With the UN Security Council's divisions over wars in Ukraine and the Middle East hindering its ability to prevent or end conflict in recent years, humanitarian efforts to vaccinate children against polio or shelter and feed refugees have been a bright spot of UN activity. That's dimming now.

Not just funding cuts cloud the future of UN humanitarian work

Aside from the cuts and dangers faced by humanitarian workers, political conflict has at times overshadowed or impeded their work.

UNRWA, the aid agency for Palestinian refugees, has delivered an array of services to millions — food, education, jobs and much more — in Lebanon, Syria and Jordan as well as in the West Bank and Gaza since its founding in 1948.

Israel claims the agency's schools fan antisemitic and anti-Israel sentiment, which the agency denies. Israel says Hamas siphons off UN aid in Gaza to profit from it, while UN officials insist most aid gets delivered directly to the needy.

“UNRWA is like one of the foundations of your home. If you remove it, everything falls apart,” said Issa Haj Hassan, 38, after a checkup at a small clinic at the Mar Elias Palestinian refugee camp in Beirut.

UNRWA covers his diabetes and blood pressure medication, as well as his wife’s heart medicine. The United States, Israel's top ally, has stopped contributing to UNRWA; it once provided a third of its funding. Earlier this year, Israel banned the aid group, which has strived to continue its work nonetheless.

Ibtisam Salem, a single mother of five in her 50s who shares a small one-room apartment in Beirut with relatives who sleep on the floor, said: “If it wasn’t for UNRWA we would die of starvation. ... They helped build my home, and they give me health care. My children went to their schools.”

Especially when it comes to food and hunger, needs worldwide are growing even as funding to address them shrinks.

“This year, we have estimated around 343 million acutely food insecure people,” said Carl Skau, WFP deputy executive director. “It’s a threefold increase if we compare four years ago. And this year, our funding is dropping 40%. So obviously that’s an equation that doesn’t come together easily.”

Billing itself as the world's largest humanitarian organization, WFP has announced plans to cut about a quarter of its 22,000 staff.

The aid landscape is shifting

One question is how the United Nations remains relevant as an aid provider when global cooperation is on the outs, and national self-interest and self-defense are on the upswing.

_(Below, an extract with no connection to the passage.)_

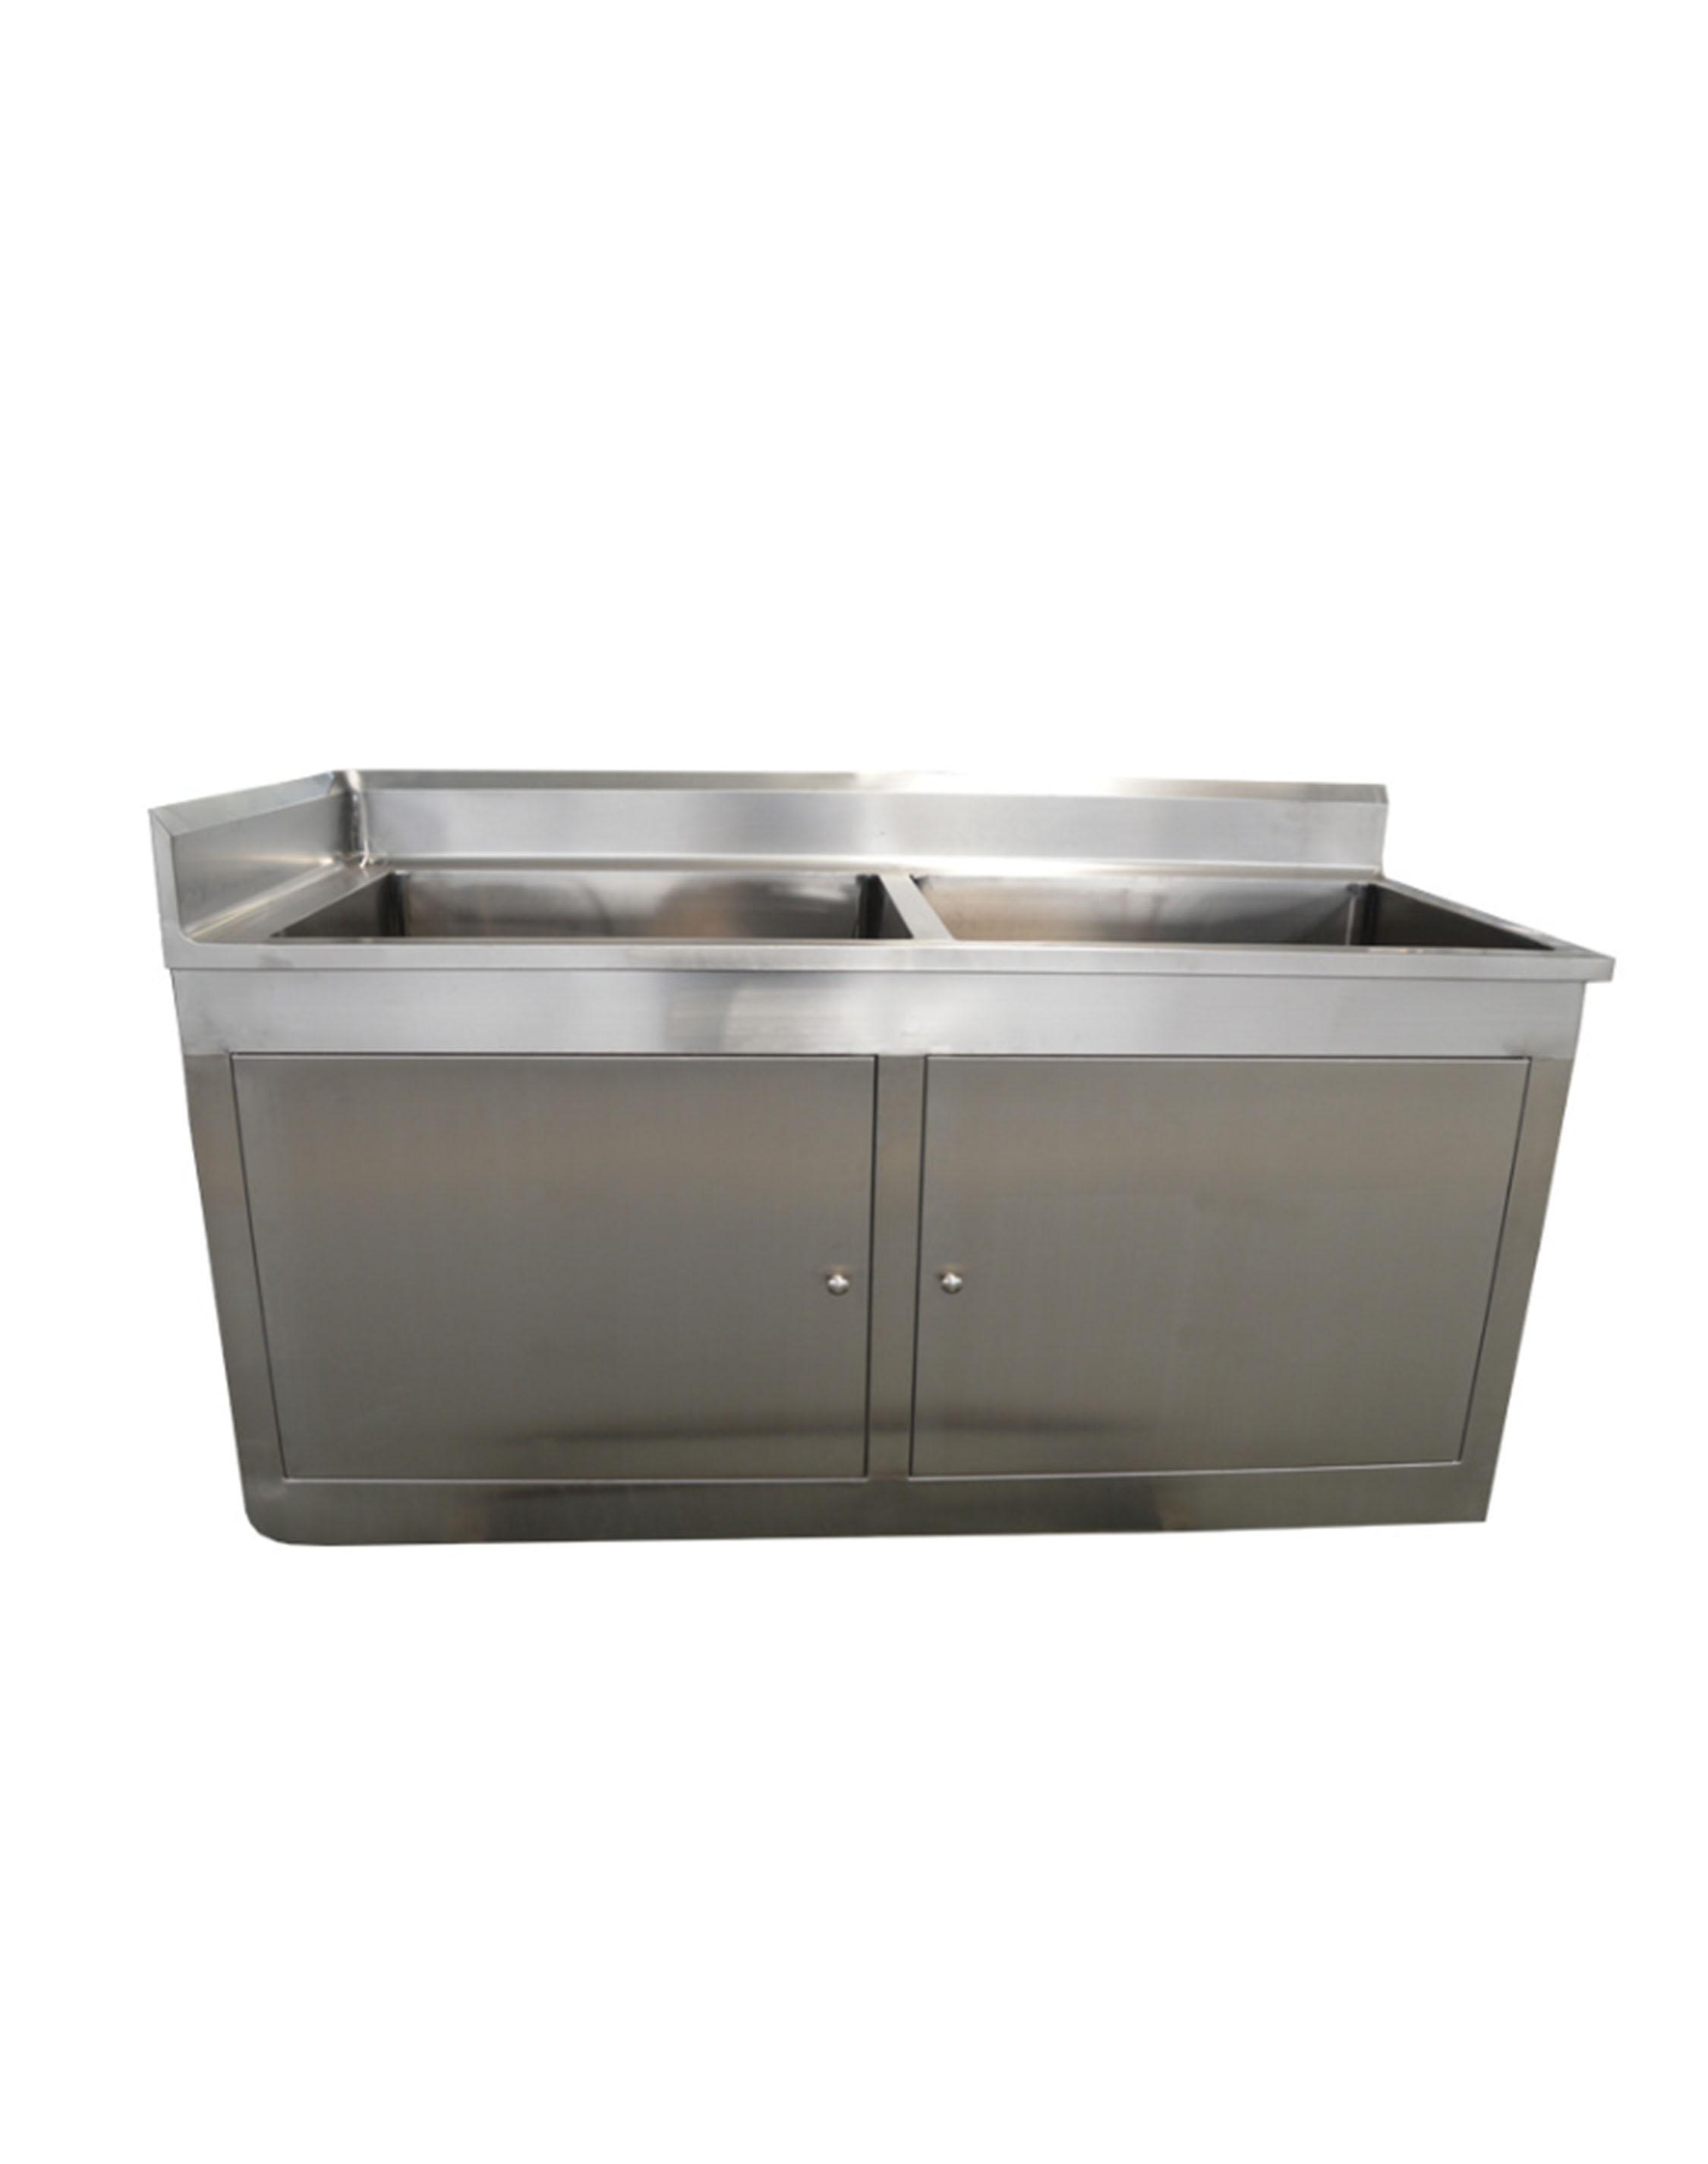 医用女人对男人心灰意冷的图片钢洗手台洗手池定做

The United Nations is not alone: Many of its aid partners are feeling the pinch. Groups like GAVI, which tries to ensure fair distribution of vaccines around the world, and the Global Fund, which spends billions each year to help battle HIV, tuberculosis and malaria, have been hit by Trump administration cuts to the US Agency for International Development.

Some private-sector, government-backed groups also are cropping up, including the divisive Gaza Humanitarian Foundation, which has been providing some food to Palestinians. But violence has erupted as crowds try to reach the distribution sites.

The future of UN aid, experts say, will rest where it belongs — with the world body's 193 member countries.

“We need to take that debate back into our countries, into our capitals, because it is there that you either empower the UN to act and succeed — or you paralyze it,” said Achim Steiner, administrator of the UN Development Program.